Current Services in Other Countries

Because there is currently no baggage transfer service in the UK, some examples in other countries were studied to understand how their systems work and survive competition with other courier companies.

Hong Kong Airport Express Line

Hong Kong Airport Express Line is one of the services in the MTR system. It connects the Hong Kong International Airport in Chap Lap Kok with city centre in Kowloon and Hong Kong Island. The main usage of this airport express service is a shuttle between airport and city centre as when the train leaves the airport, all the stations in the rest of the line is only for set-down only. Similarly for inbound service, the stations towards the airport are only for pick-up only. There are on board luggage racks but there is still free in-town check-in service for major airlines provided in Hong Kong Station and Kowloon Station to allow passengers to travel baggage-free. The baggage can be checked-in between 90 min and 1 day prior to the scheduled departure time of the flight. There is, however, a baggage size limit of 145 cm × 100 cm × 85 cm and a maximum weight limit of 90 kg when using this service. This exceeds most of the airline luggage limits. All bags ought to be checked-in. Once a baggage is checked-in, the traveller will only meet their bags upon arrival in the airport of their destination. There is no separate freight train transporting the baggage, but they are sent to one of the carriages at either end of the airport express train, which is used for loading of baggage only [18].

Hong Kong MTR Intercity Through Train

There are cross-border trains connecting Hong Kong and four cities in China including Guangzhou, Foshan, Shanghai and Beijing. The free luggage allowance for each passenger is 20 kg. Any luggage that is in excess of the limit is required to get consigned. The check-in point and the pick-up point are located at the train terminus stations. The baggage service is not free and has a base fare plus extra cost for each 5 kg of luggage. For a 20-kg luggage to be consigned on the Hong Kong-to-Shanghai service (20 h travel time), it would only cost HKD $77, which is approximately equal to £8. The maximum weight of each checked luggage allowed is 50 kg, but there is no mention of size limit. After the baggage check-in, all of the luggage is transferred onto the same train as the passenger, but separated into a different carriage. As such, the baggage can be picked up at the train station upon arrival at the destination [19].

Swiss SBB Luggage and Flight Luggage Service

The Swiss national railway company, SBB, provides different types of courier services, which serves both internationally and within the country. Formerly, they used rail for transportation of baggage, but have switched to use AKS courier services now.
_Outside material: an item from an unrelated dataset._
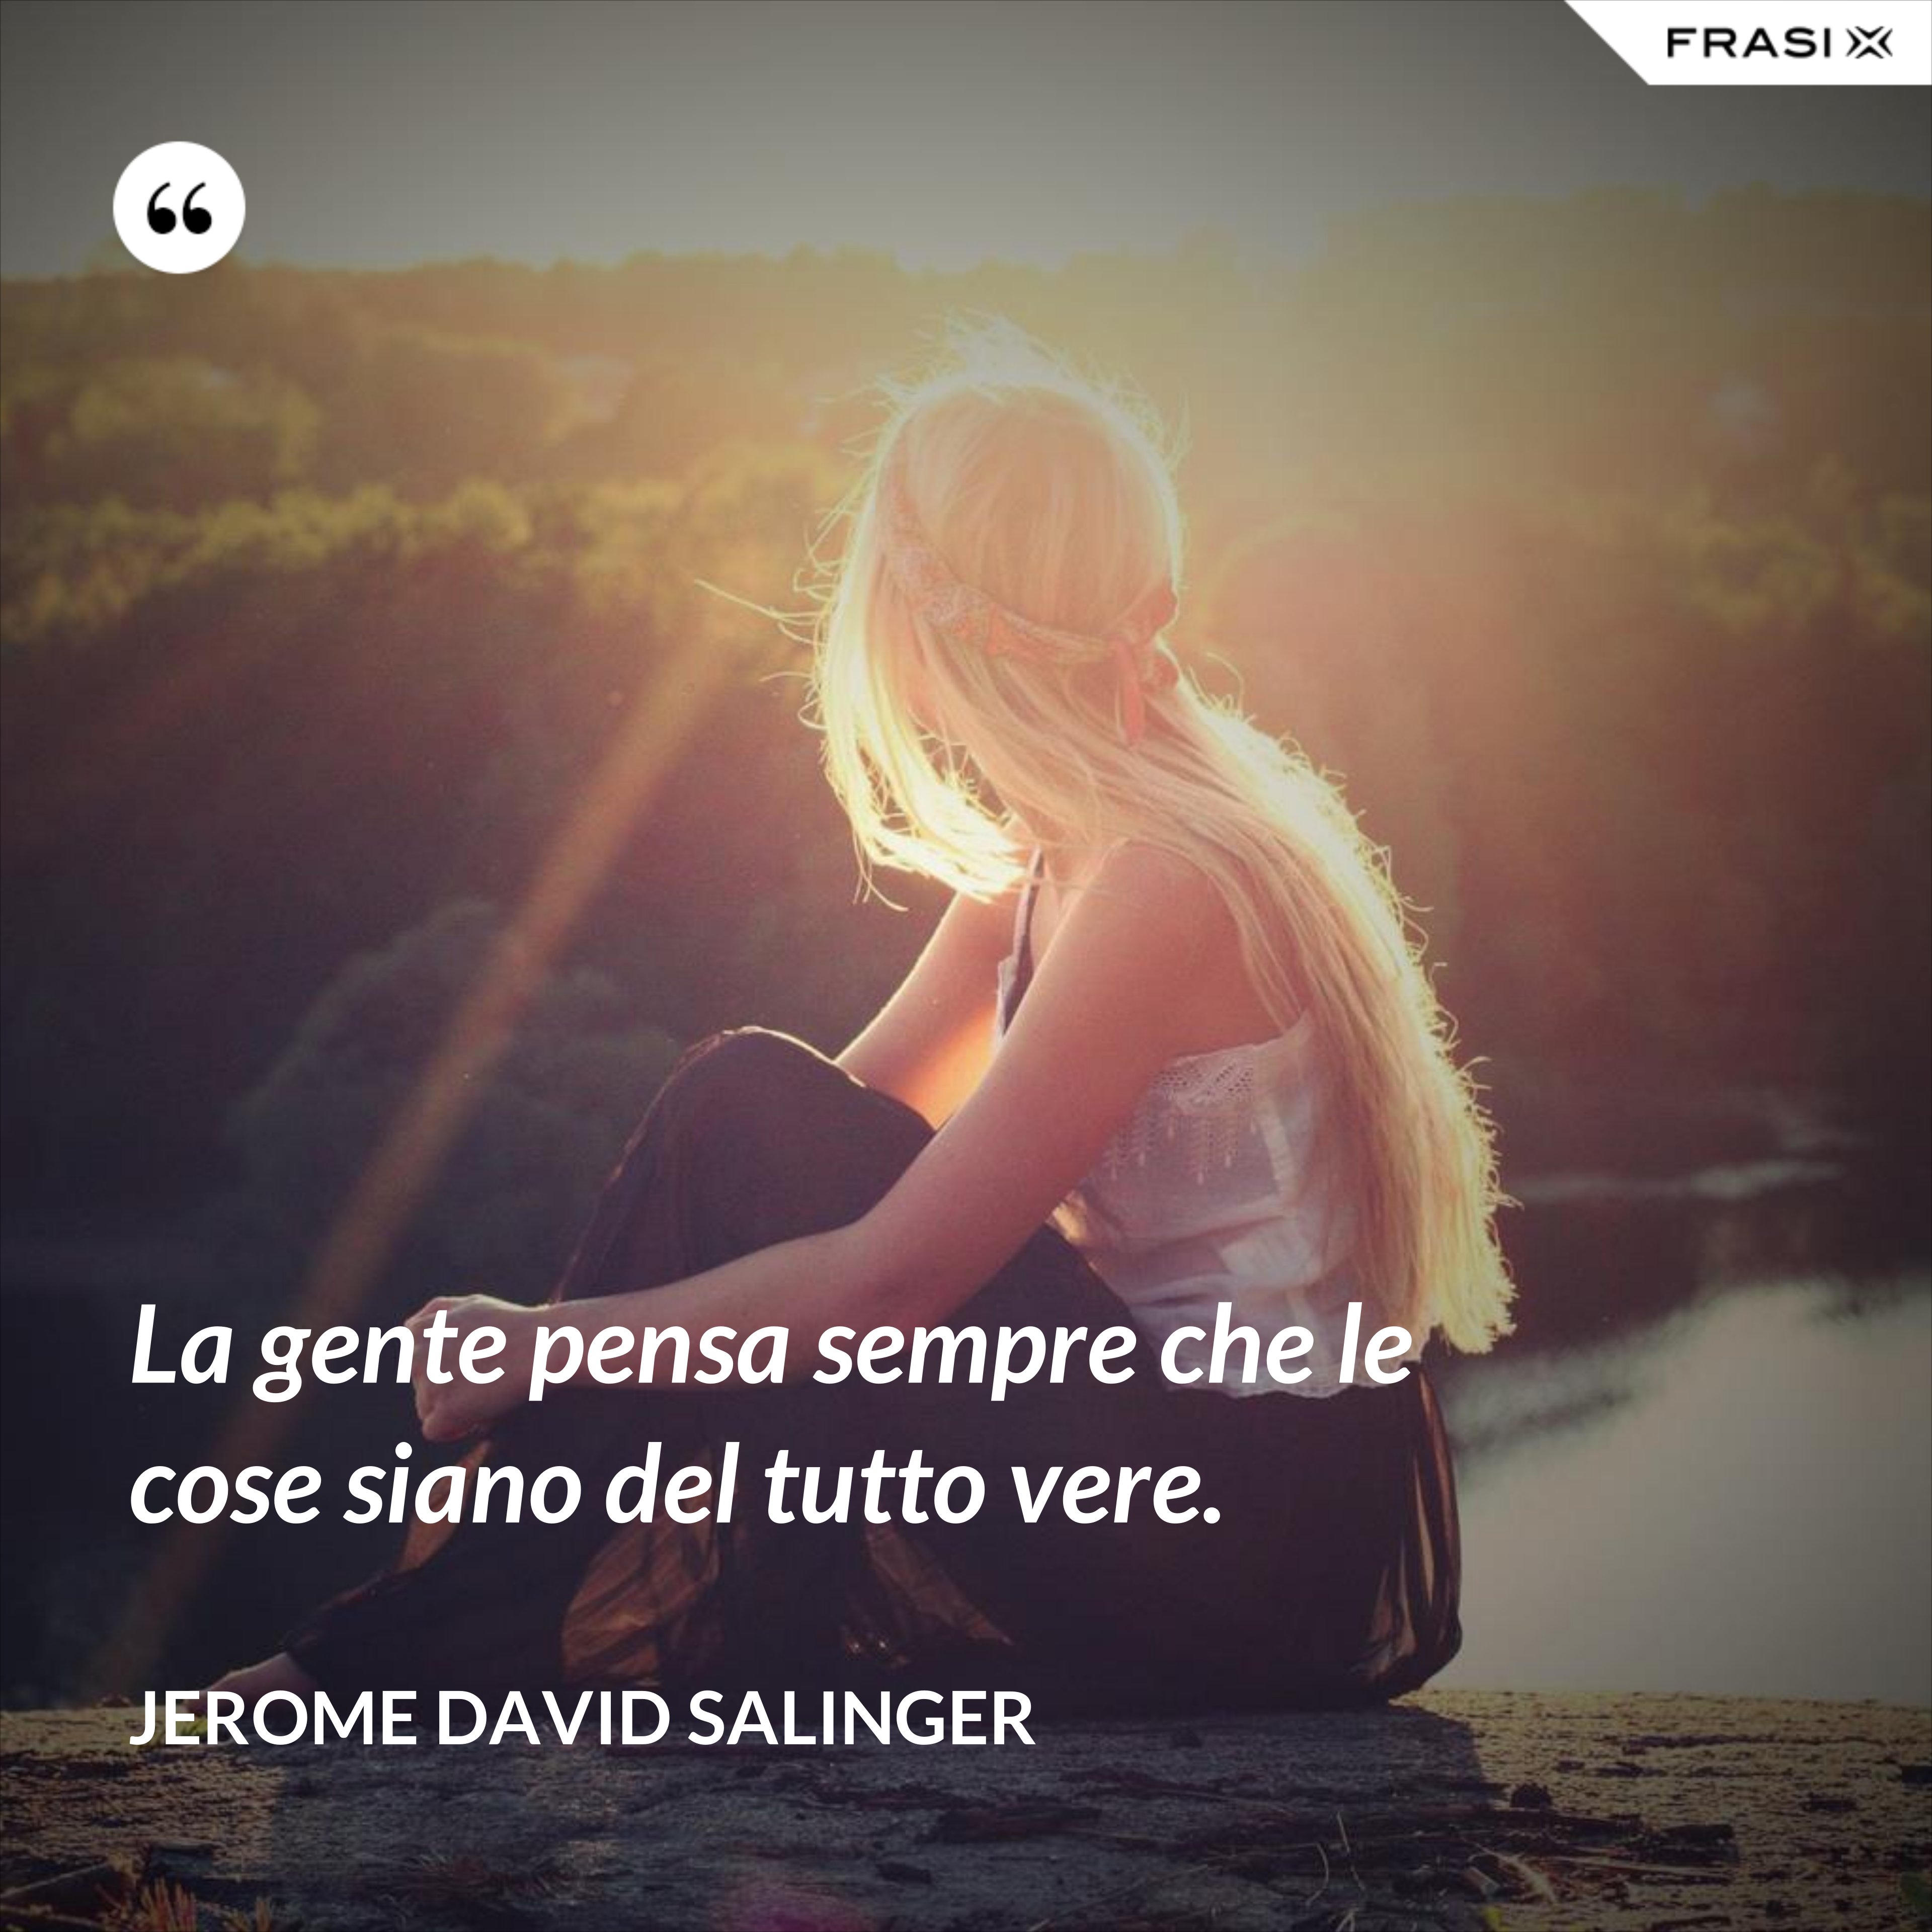 La gente pensa sempre che le cose siano del tutto vere. - Jerome David Salinger

The general rule for luggage transfer is that any piece of the luggage cannot exceed 25 kg. Items that can be shipped include bags, suitcases, skis, snowboards, sledges and bicycles. In order to use the luggage transfer service, one must possess a valid train ticket for the whole journey to the destination or hold an annual travel card. The entire luggage transferred includes insurance to cover a value of CHF 2000 or more depending on each service [20].

For domestic services, it includes luggage drop-off at 32 selected train stations across the country. However, it takes 2 days to get the baggage to be shipped to the destination station with a charge of CHF 12 per item. A faster option is available which requires a drop off of the baggage in the morning, with varying cut off time from 9 am to 11 am, and able to be picked up on the same day after 6 pm. However, this service requires an extra CHF 30 for flat rate for shipping. Apart from baggage drop-off at station, SBB also offers door-to-door service as well as an express version of this at a further extra cost of flat rate of CHF 40 and CHF 70, respectively. However, for door-to-door service, they require a registration of pick up date 2 days prior to that and 1 day for express service [20].
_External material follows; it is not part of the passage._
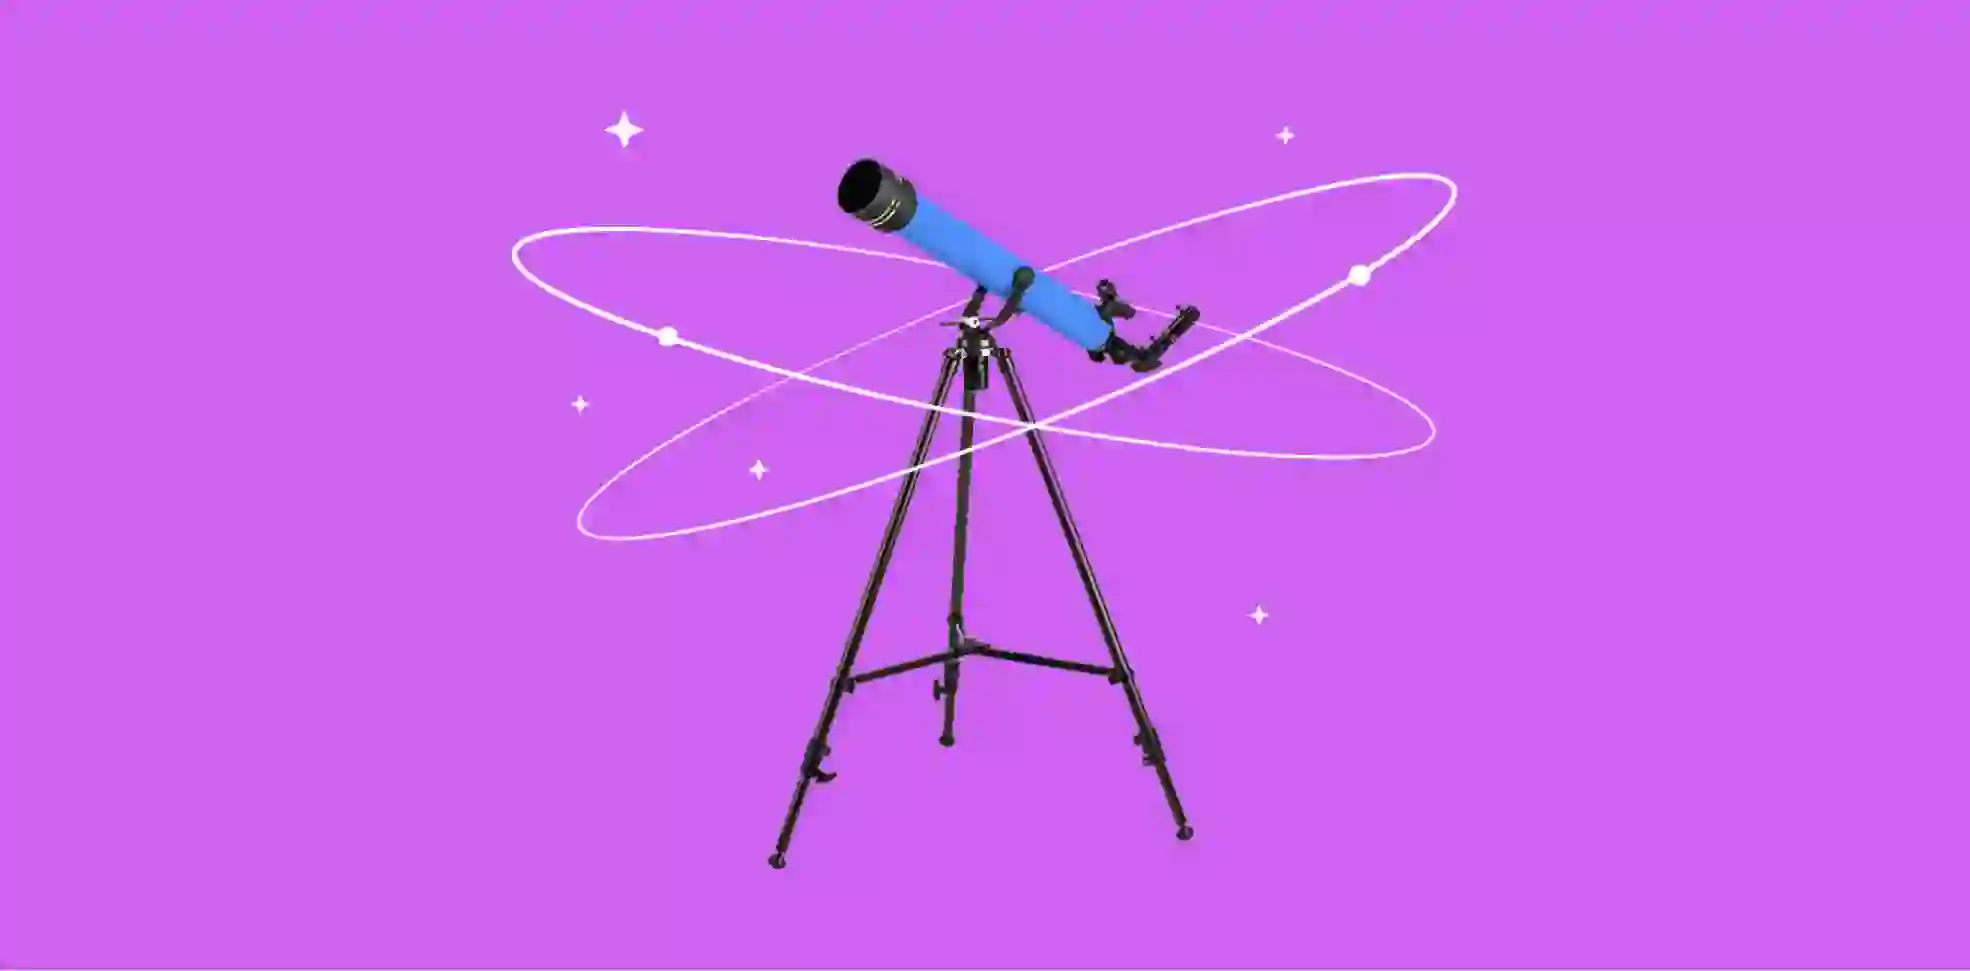 telescopio sobre fondo morado

For international service, it is currently available to send the luggage to Germany only. It takes 4–6 days for the shipment of the baggage to a Germany mainland address [21]. It is also available for door-to-door service from Swiss to Germany, but not return. This works principally very similar to the domestic service [20].

Other than normal luggage service, SBB also provides flight luggage service. If one is travelling to or from Geneva or Zurich airport with Swiss or Edelweiss Airline, they can check in their flight baggage at any of the selected train station the evening before their flight. They can get back their baggage upon arrival at the airport abroad. This service is similar to Hong Kong Airport Express Line as discussed above. However, there is an extra charge of CHF 22 per item. Similar to normal luggage services provided by SBB, there are express and or door-to-door services at a further extra cost to the customers [22].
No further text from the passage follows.